# Bank of Scotland - advice on long term deals



## Needshelp (14 Jun 2013)

Hi all - I am trying to help a friend who is dealing with mortgage arrears with bank of Scotland. Does anyone know if they are doing any sort of longer term deals for people who are paying what they can but not likely to be able to increase payments. Is the family home and they don't want to lose it.

Details below and advice appreciated 


Personal and income details
Net (i.e. after tax) Income self: nature of income e.g. self-employed/public servant etc  : 400 pw. 
Income history: e.g. "I was made redundant in June 2011 and have not had any work since..." :  employed mid 50's - pay cuts overtime cuts etc has impacted take home pay 
Net income partner/spouse: nature of income
Income history: partner on long term disability - 188 ow and unable to return to work 
number of children- 1 remaining at home 
Amount of Mortgage Interest Supplement received : don't qualify for same 
Home loan
Lender: bank of Scotland Ireland 
Amount outstanding: - 100k
Value of home: 200k
Interest rate: specify whether tracker or SVR or fixed rate : unsure of rate but it is an svr
Monthly repayment - 830 but only paying 400 
Amount in arrears - 4k

Summary of discussions and agreements with the banke.g. in Marp since Jan 2011 . Have been on interest only since then. 

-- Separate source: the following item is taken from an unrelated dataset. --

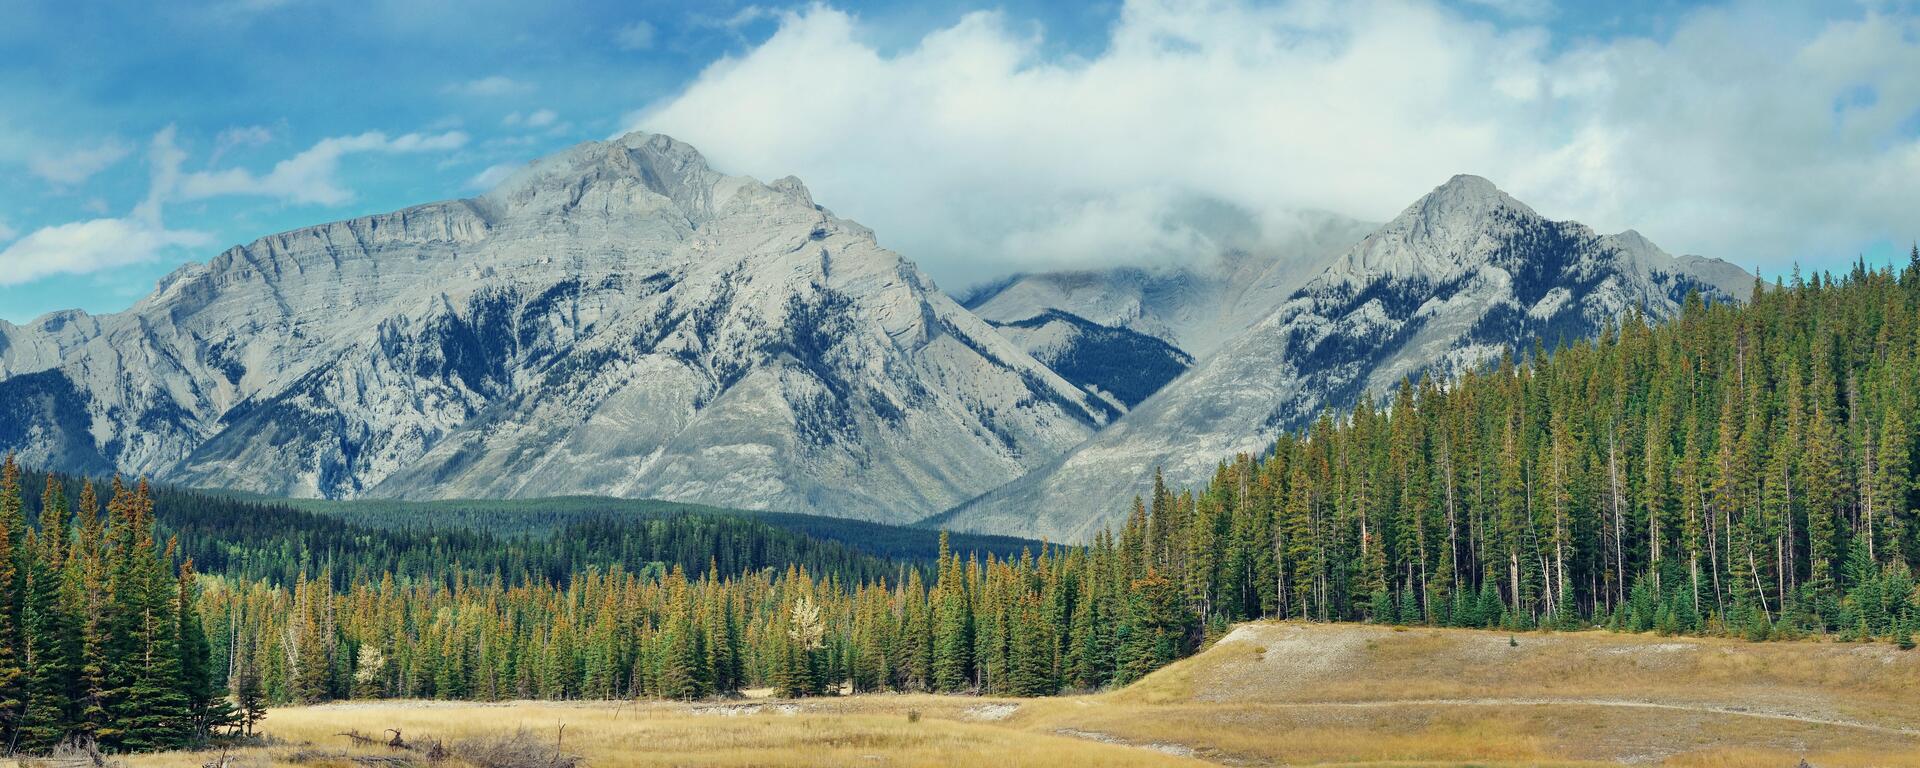 Mountain landscape of Alberta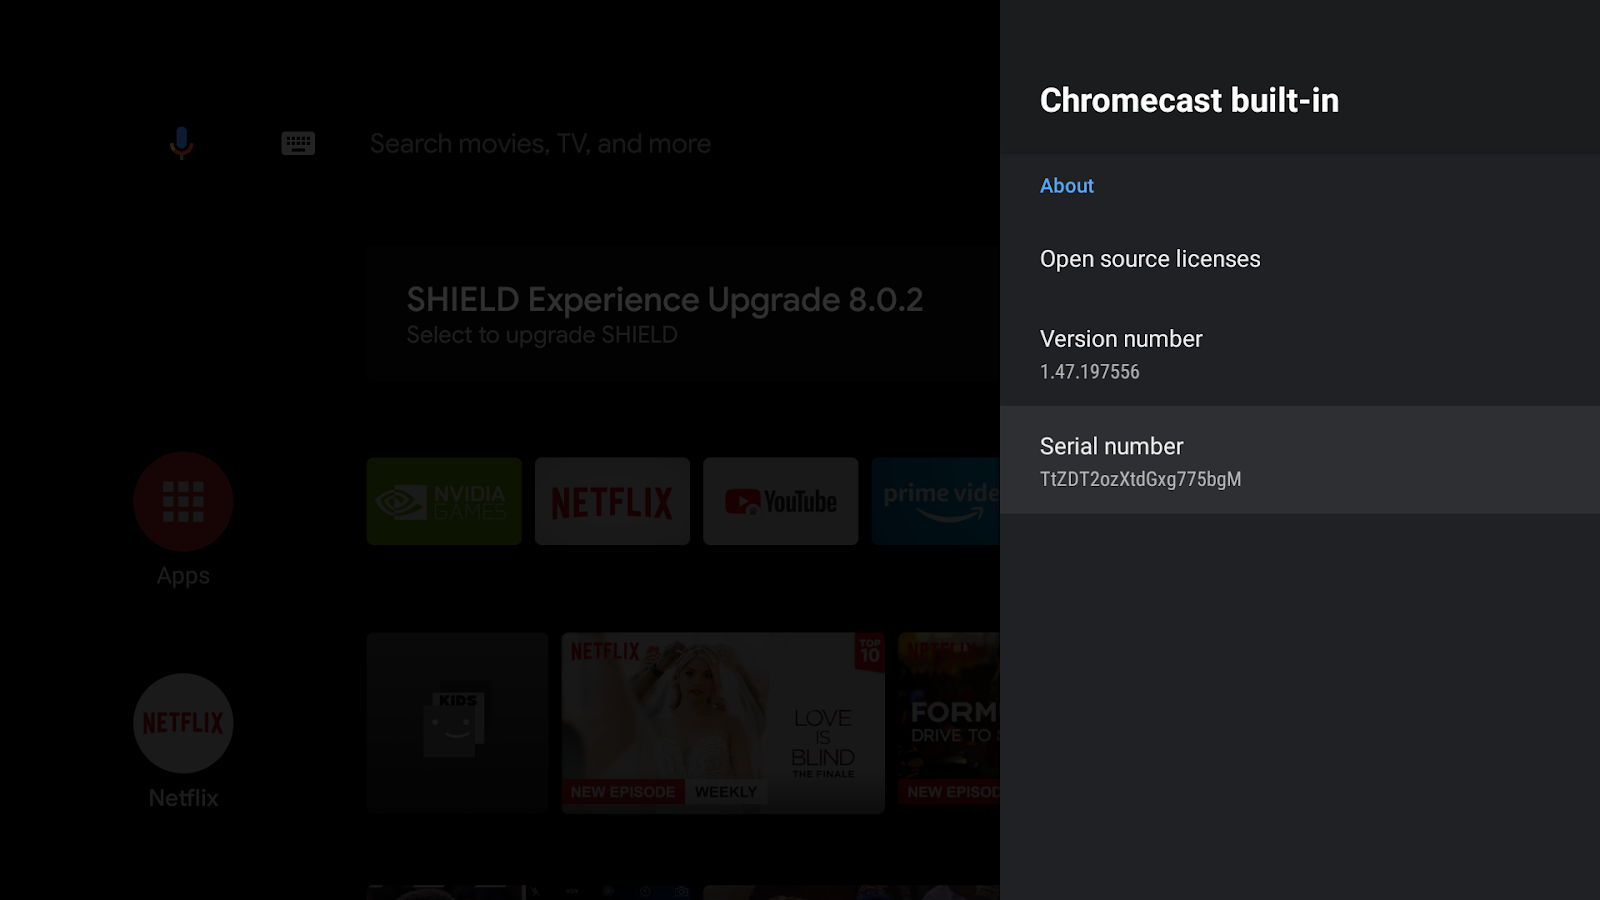 Android TV 螢幕顯示「內建 Chromecast」的畫面、版本編號和序號

Been in reduced payments for 18 months or so of400



Other loans and creditors - delete those which don't apply to you
Overdraft - 1,000
Credit Card - 3,000 with ptsb - interest frozen and have agreement to pay 10 euro per week 
Credit Union e.g. Loan of €5,000 against shares of €2,000 - none 
Car loan e.g. 10,000 left at 7% - none 
Family 
Vodafone - unpaid bill 500 euro - repaying 10 per week

Other savings and investments - none 


How important is retaining the family home to you? 
Which of the following best describes your situation?

I really want to keep the family home even if it means having a large mortgage and negative equity for years to come.


Any other relevant information

At the moment 400 is max they can pay and that leaves no room for emergencies etc - given first persons employment situation there is no prospect for income increase in the future and one partner is unable to return to work. 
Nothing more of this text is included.